Interim Measures and Emergency Arbitrators
For parties whose assets, cash flows, or contractual rights are threatened by the current events, arbitration offers a powerful and immediate tool: the emergency arbitrator. Most major arbitral rules: ICC, LCIA, SIAC, DIAC, and arbitrateAD now provide for emergency arbitrator procedures that can produce binding interim relief within days of filing, without waiting for a full tribunal to be constituted. Injunctions, asset preservation orders, and orders compelling or restraining specific conduct are all available through this mechanism. In a fast-moving crisis where a counterparty may be tempted to dissipate assets, redirect payments, or abandon contractual obligations, the emergency arbitrator is one of the most effective protective tools available to counsel.

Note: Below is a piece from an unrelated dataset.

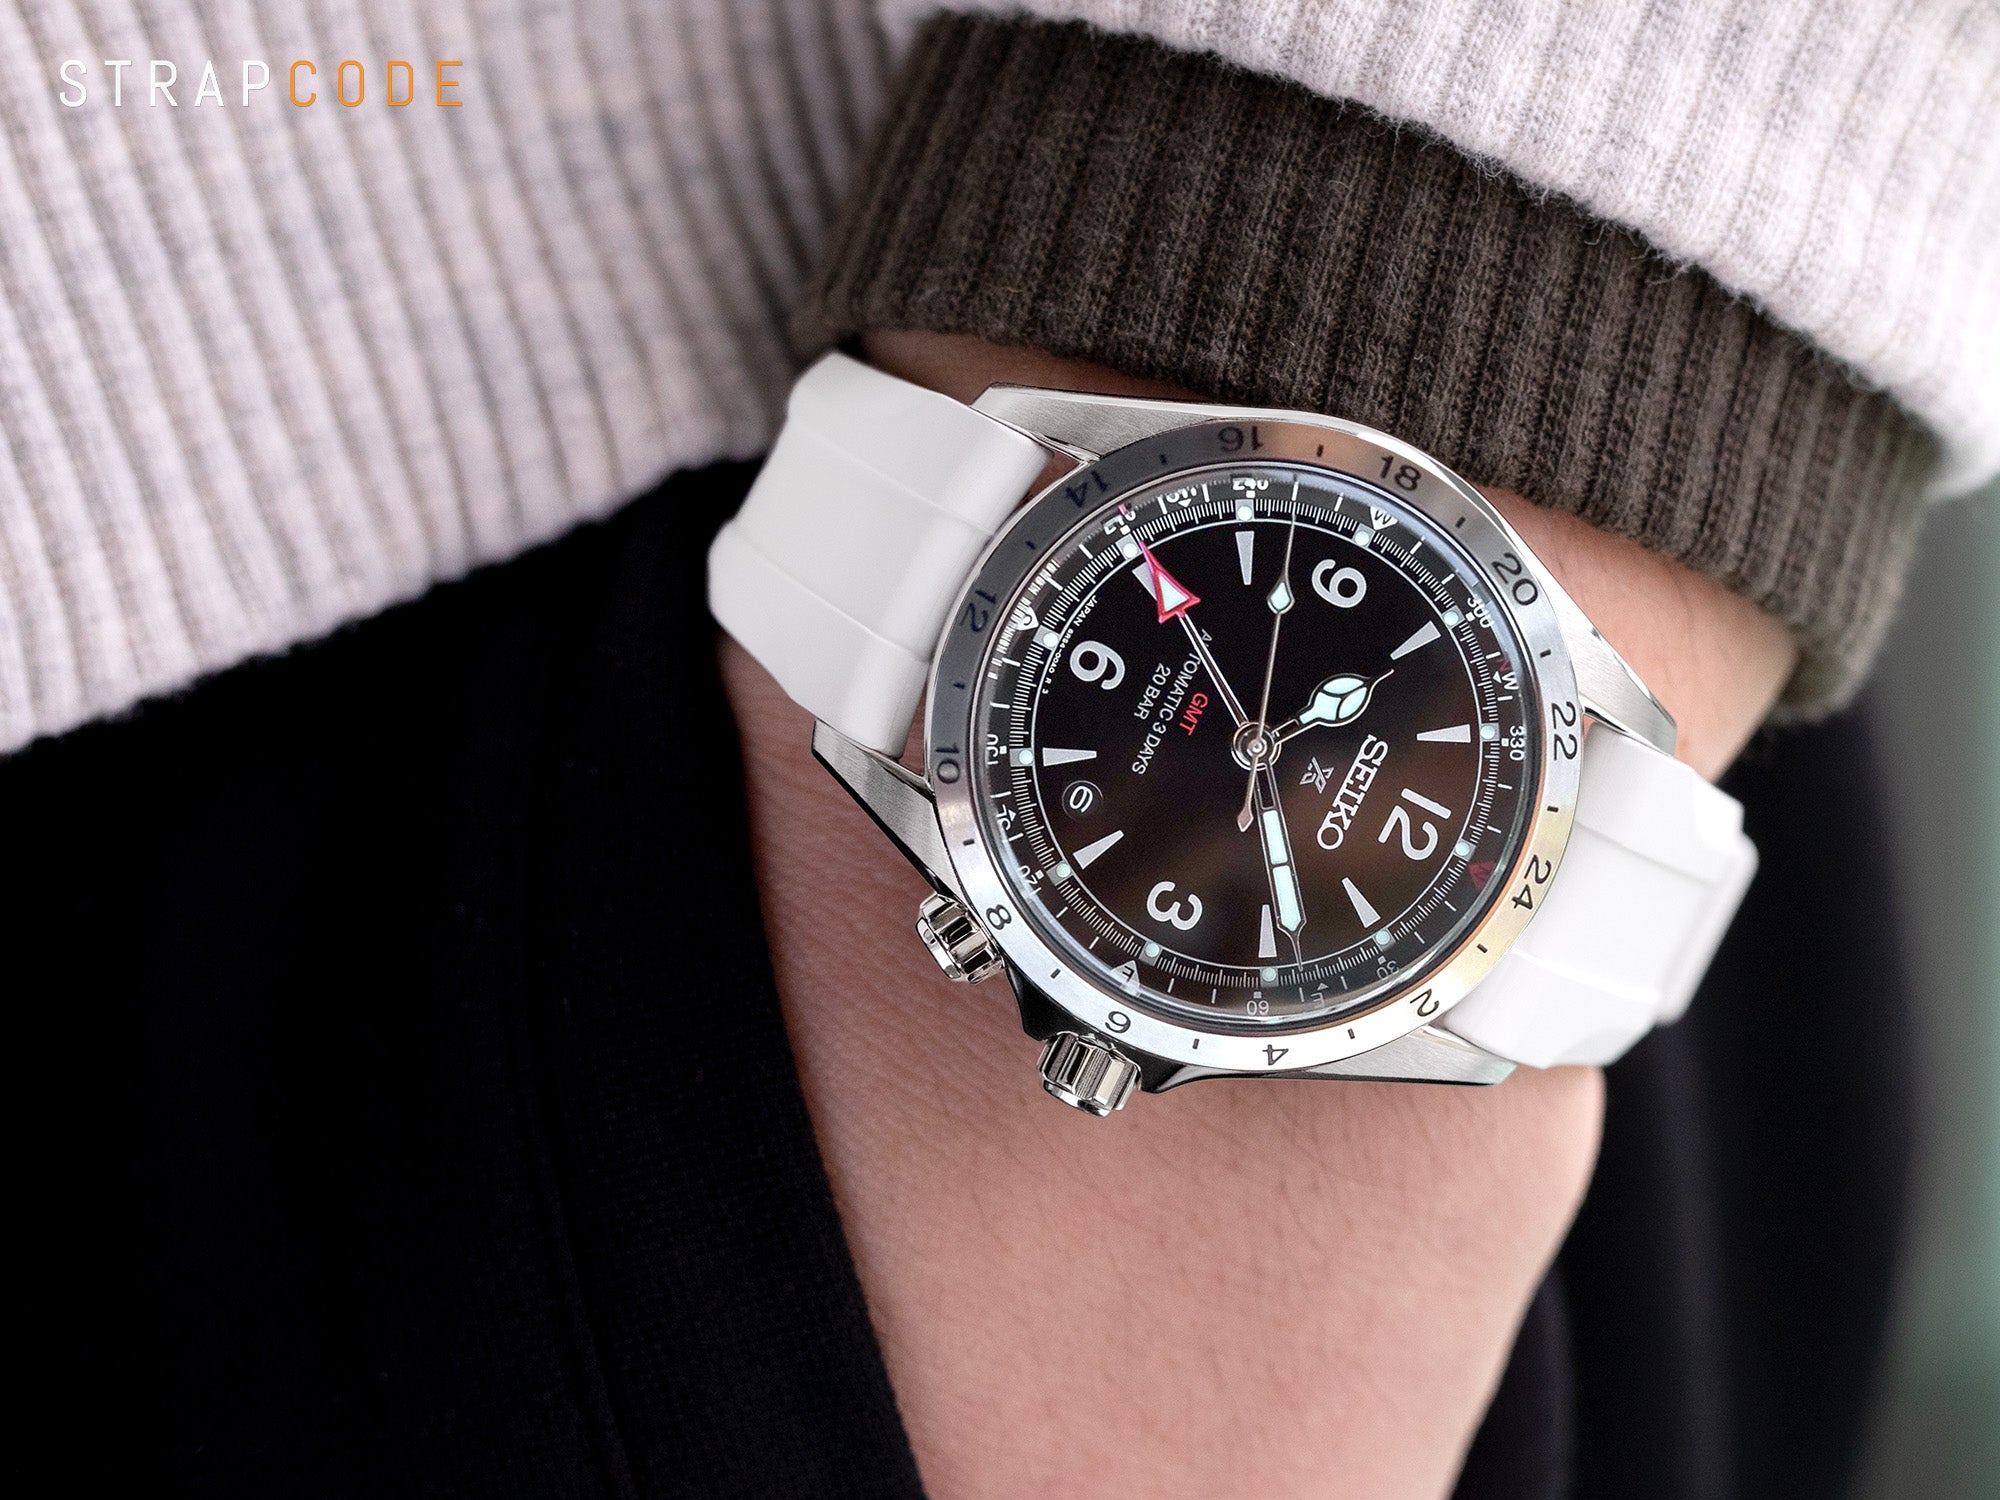 Seiko Alpinist GMT SPB379 Black with Strapcode with resilient white FKM rubber watch strap

Parties whose arbitration clauses designate institutions in the region can proceed with particular confidence that filings, appointments, and procedural steps will advance without interruption. Regional institutions have also demonstrated meaningful operational resilience: DIAC and arbitrateAD maintain digital-first case management platforms specifically designed to keep proceedings moving regardless of physical access constraints. Counsel should engage their designated institution early to confirm continuity protocols and take full advantage of the procedural tools already at their disposal.
Aviation and Hospitality
Airlines face a cascade of legal questions: passenger compensation obligations under applicable regulations (EU Regulation 261/2004 applies to flights departing EU airports; U.S. DOT rules apply to covered U.S. carriers); obligations to reroute or refund passengers; claims against airport operators for ground handling losses; and insurance claims for revenue losses.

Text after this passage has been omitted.